With ambitious growth plans, Nio stock looks attractive after a correction of 56% in the last 12 months.

Vehicle Margins Can Improve

Profitability in this business should improve over time. For context, in the first quarter of 2022, Tesla (TSLA) reported $4 billion in operating cash flows. As electric vehicle companies scale up in terms of deliveries, there is the potential to generate robust cash flows.

For Q1 2022, Nio reported a vehicle margin of 18.1% compared to 21.2% in Q1 2021. The margin was impacted in the near term due to higher investments and inflationary factors.

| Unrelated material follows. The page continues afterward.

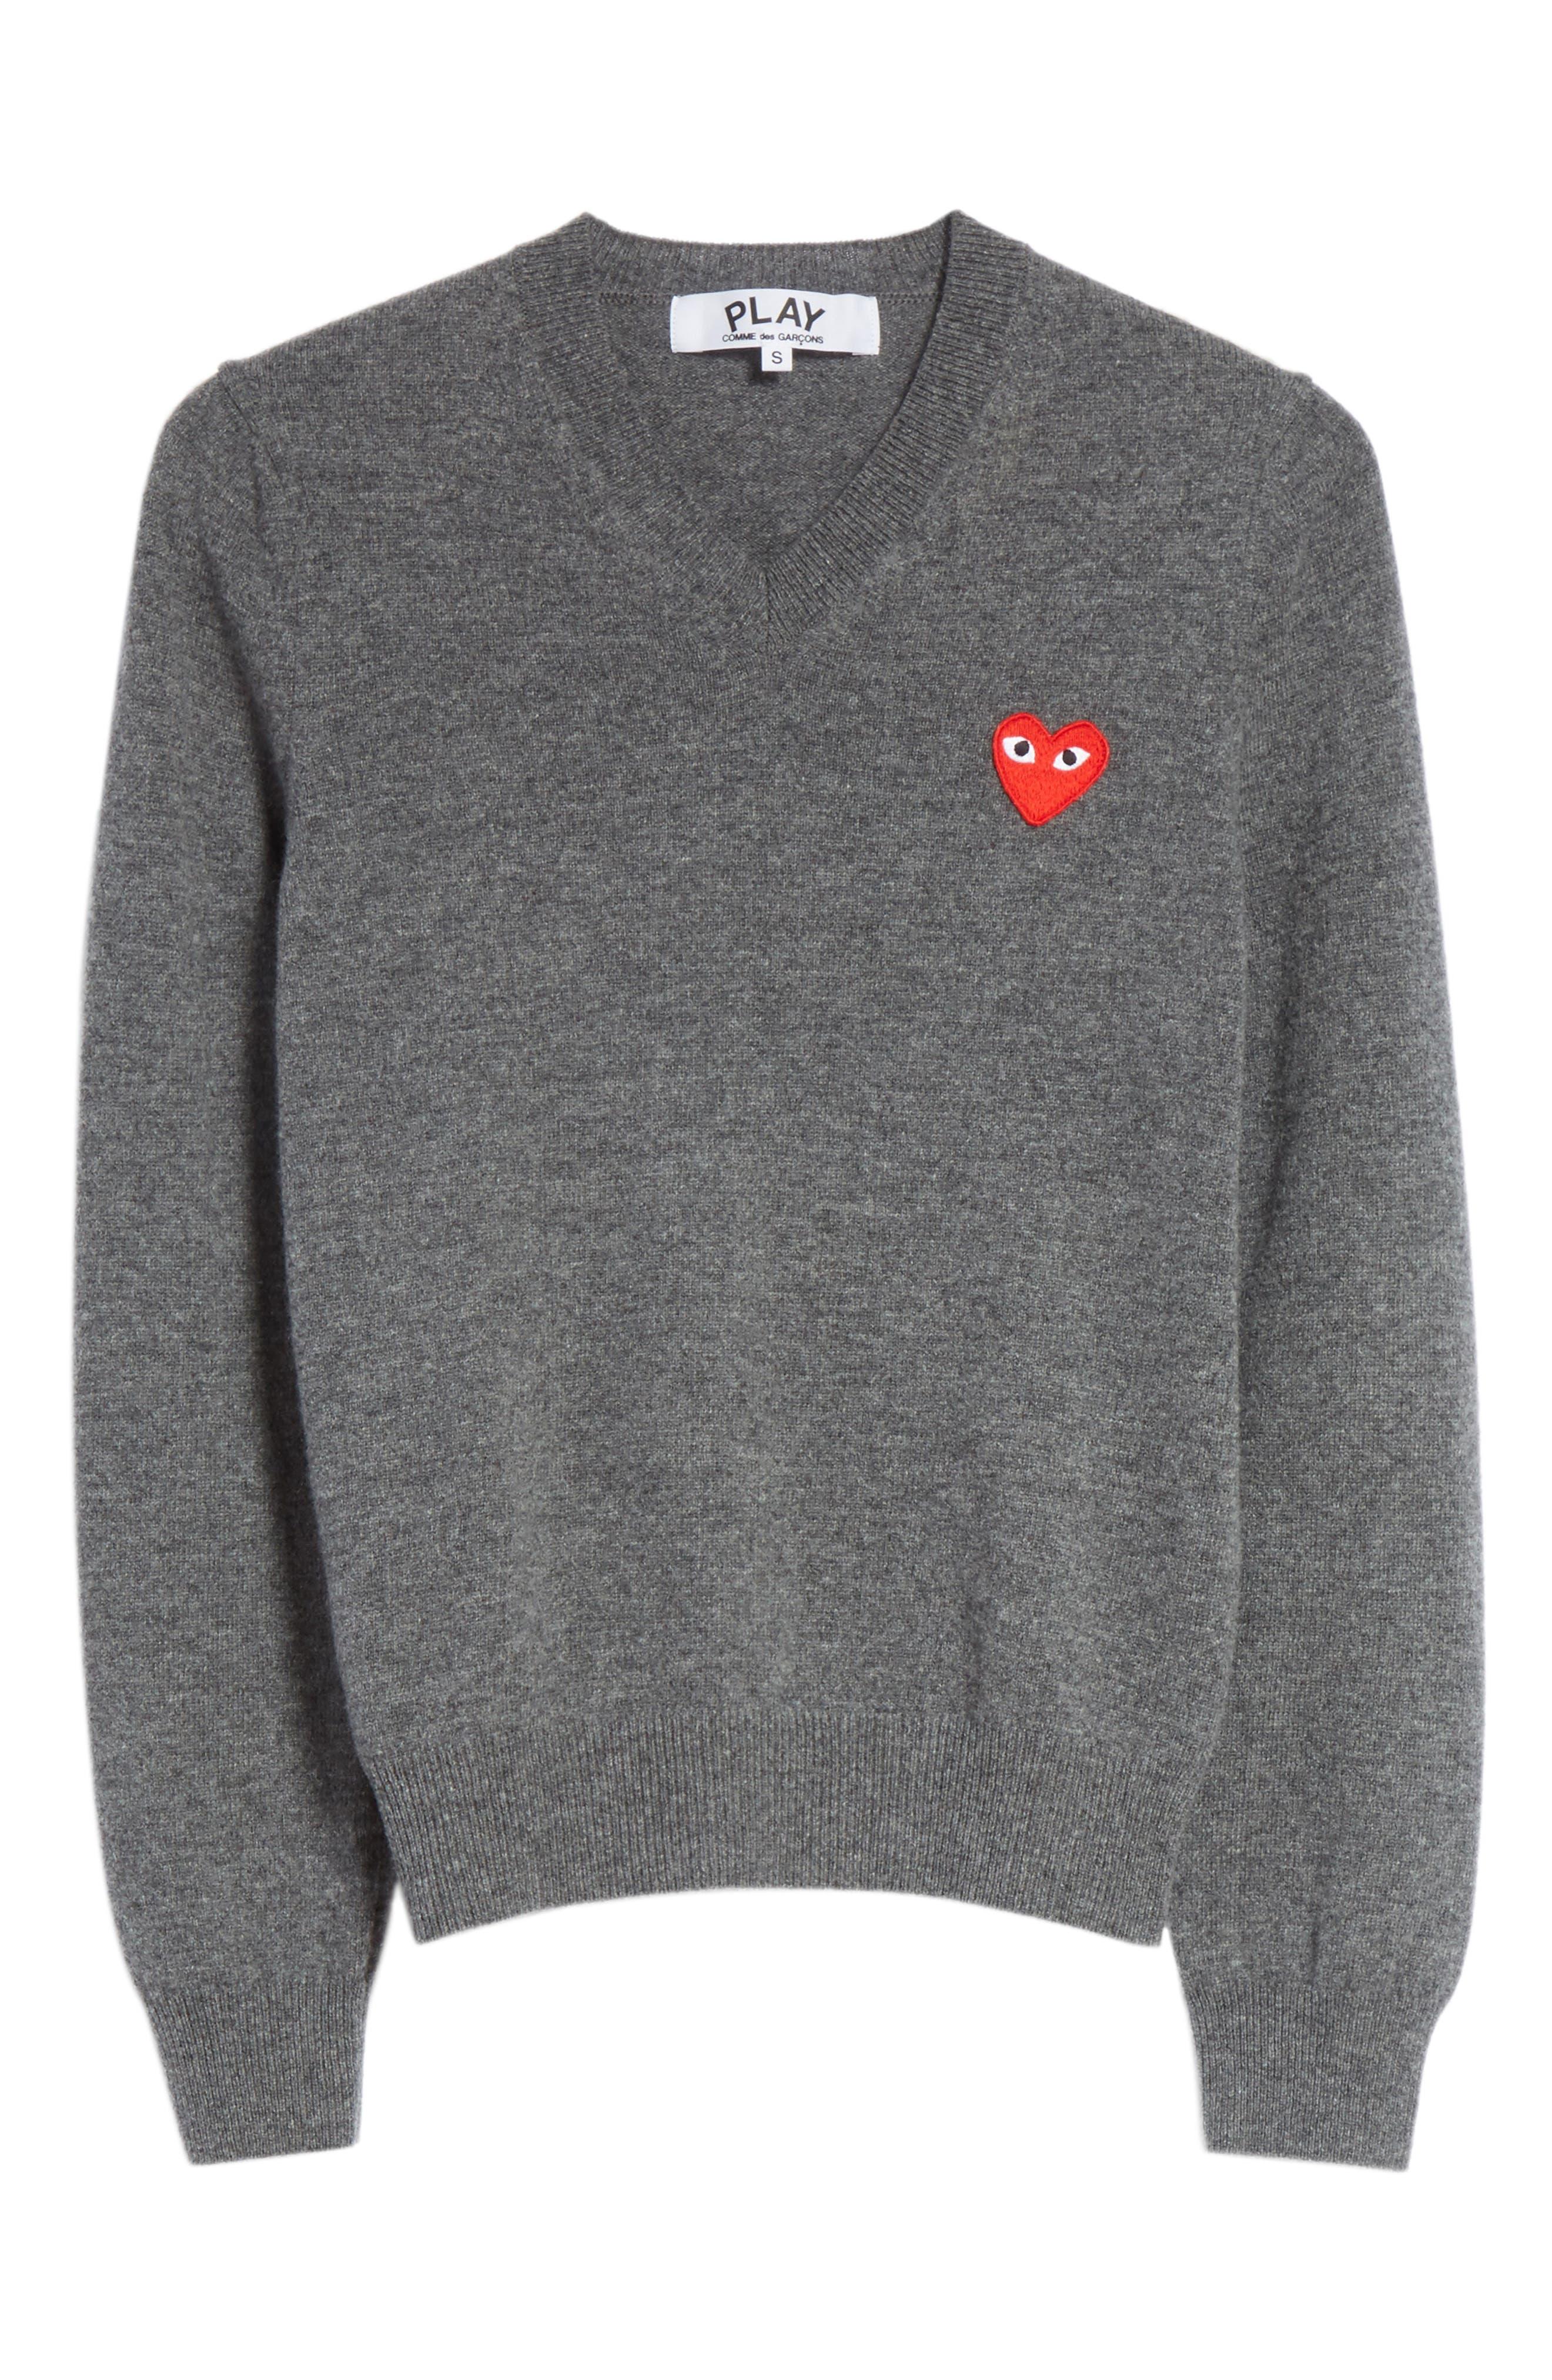 Comme des Garçons PLAY Wool V-Neck Sweater,                             Alternate thumbnail 6, color,                             Grey

However, in the next few years, the vehicle margin is likely to expand as delivery growth sustains. Also, if Nio plans factories in multiple locations (similar to Tesla), logistics costs should decline. Overall, Nio is positioned for strong cash flows in the next few years.

On the flip side, Nio is expanding aggressively into multiple countries. This will translate into higher marketing expenses. Cash burn is likely to sustain in the coming quarters.

Having said that, the markets are likely to focus on delivery growth. With operating leverage, its EBITDA margin should also improve.

Wall Street’s Take on NIO Stock

Turning to Wall Street, Nio has a Strong Buy consensus rating based on 10 Buy ratings assigned in the past three months. The average NIO stock price forecast of $33.66 implies 52.1% upside potential.

Concluding Views – An Attractive EV Stock

The global adoption of EVs is still at an early stage. However, as Europe looks to reduce dependence on Russia for energy, EV adoption is likely to accelerate.

Nio will be positioned to benefit as it aggressively expands in Europe. Nio also has robust financial flexibility, and further equity dilution seems unlikely, even with aggressive growth plans.

In terms of risks, a global recession can impact growth in 2023. However, it seems that this factor is largely discounted in the stock. Intensifying competition is also a potential risk.

It’s worth noting that Nio reported a research and development expense of $277.9 million for Q1 2022. On a year-over-year basis, R&D expenses increased 156.6%. With a focus on innovation, Nio can gain market share even as competition intensifies.

Overall, Nio stock looks attractive among EV stocks. Even after the recent rally, the stock is worth considering from a long-term perspective.